Res Ipsa Loquitur

¿Qué es res ipsa loquitur?

En una querella por daños personales, un demandante por lo general debe probar que el acusado fue negligente y que su negligencia provocó las lesiones del demandante. Sin embargo, en algunos casos, no existen pruebas directas de negligencia. Por ejemplo, los espectadores que están viendo un partido de baloncesto en una cancha de instituto. Los espectadores están sentados en gradas. Las gradas se derrumban, hiriendo a los espectadores. Los espectadores emprenden una demanda de daños personales contra el instituto, que construyó y era responsable de mantener las gradas. Sin embargo, los espectadores no son capaces de determinar por qué se derrumbaron las gradas. Por esto, los espectadores no pueden probar que el colegio fuera negligente de ninguna forma en particular. En un caso como este, el tribunal puede invocar la doctrina legal de "res ipsa loquitur."

"Res ipsa loquitur" es una frase latina que significa, "el evento habla por si solo." La doctrina legal de res ipsa loquitur libera a un demandante de su obligación de probar cualquier acto específico de negligencia contra la parte acusada. En un caso de res ipsa loquitur, el hecho garantiza una inferencia de negligencia. Un tribunal determinará si la doctrina de res ipsa loquitur se puede aplicar al caso.

¿Qué debe probar un demandante en un caso res ipsa loquitur?

En caso de res ipsa loquitur, el demandante debe probar que:

  1. la lesión podría haberse evitado en el caso de ausencia de negligencia;
  2. la instrumentalidad de la lesión estaba bajo el control exclusivo del acusado; y
  3. el demandante no contribuyó a la lesión por su propia negligencia.
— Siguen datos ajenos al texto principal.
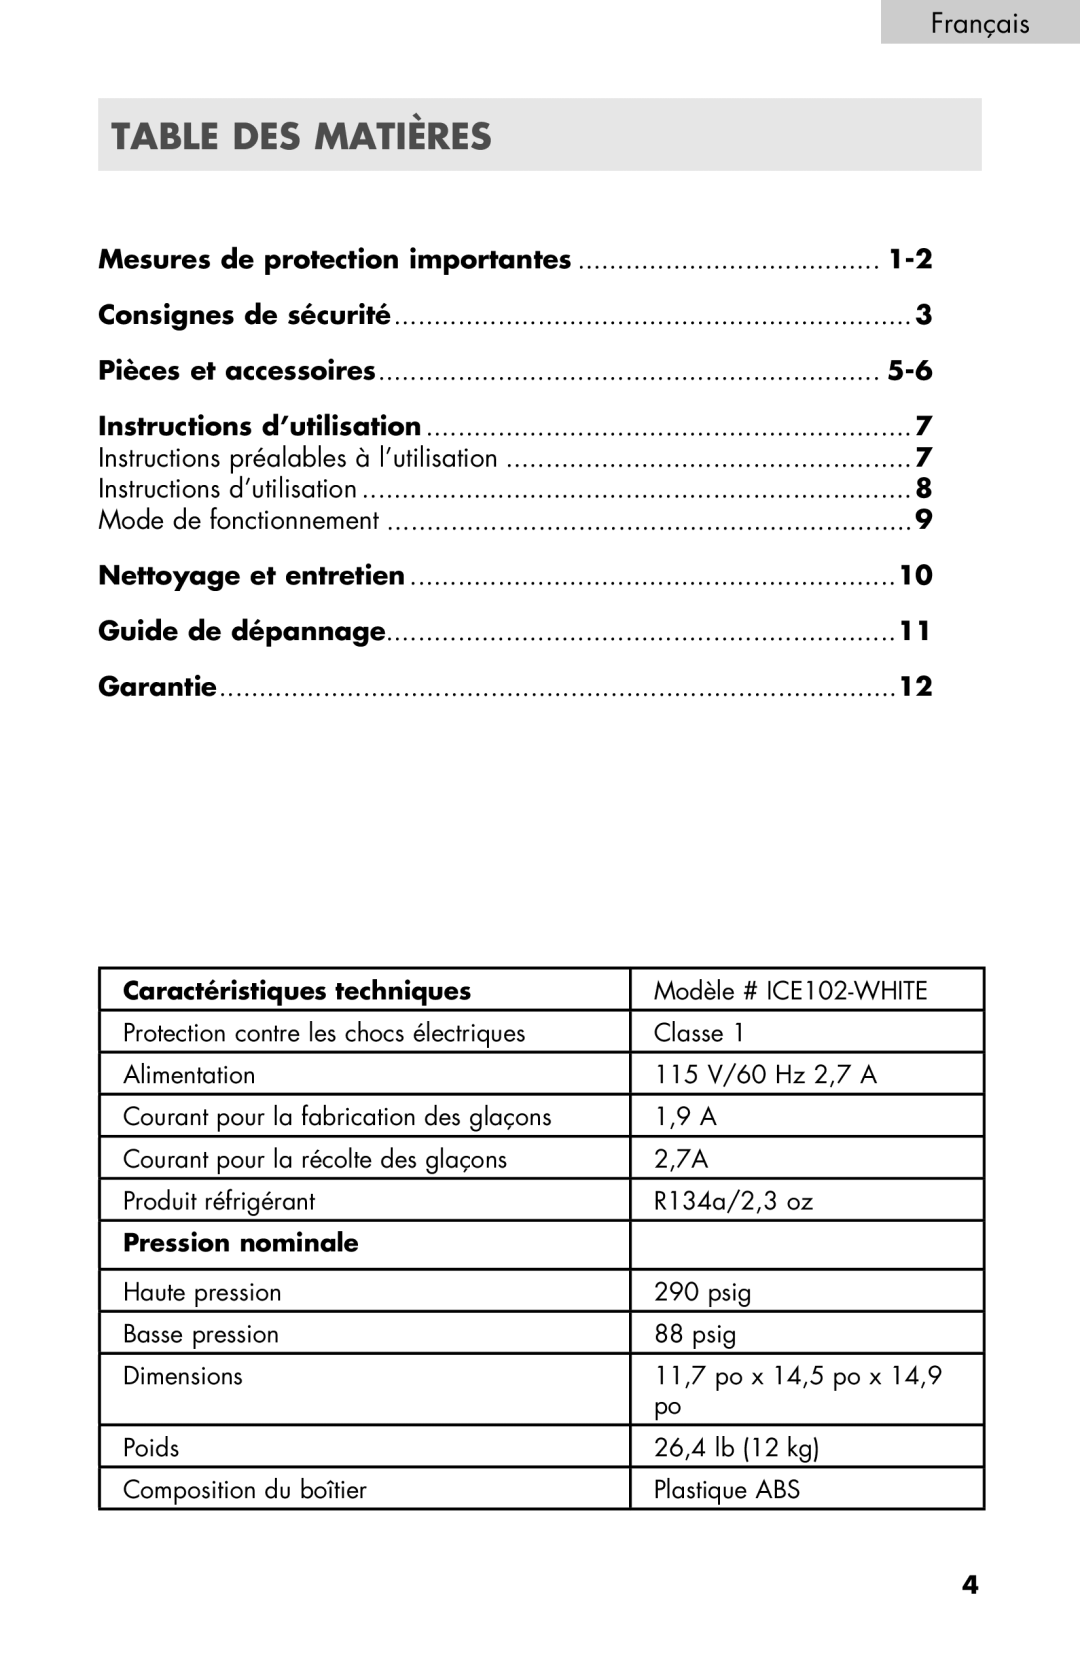 Igloo ICE102-WHITE manual Table Des Matières, Français, Mesures de protection importantes

Si el juez en el caso del derrumbamiento de las gradas decide aplicar la doctrina de res ipsa loquitur, entonces los espectadores no tendrían que demostrar ningún acto específico de negligencia por parte del colegio. Simplemente tendrían que demostrar que las gradas no se derrumbaron ordinariamente en ausencia de negligencia, que el colegio tenía control exclusivo de las gradas, y que los espectadores no contribuyeron en derrumbe de las gradas por su propia negligencia. Si los espectadores prueban esos tres elementos, entonces el colegio tendría que probar que no había sido negligente para ganar el caso.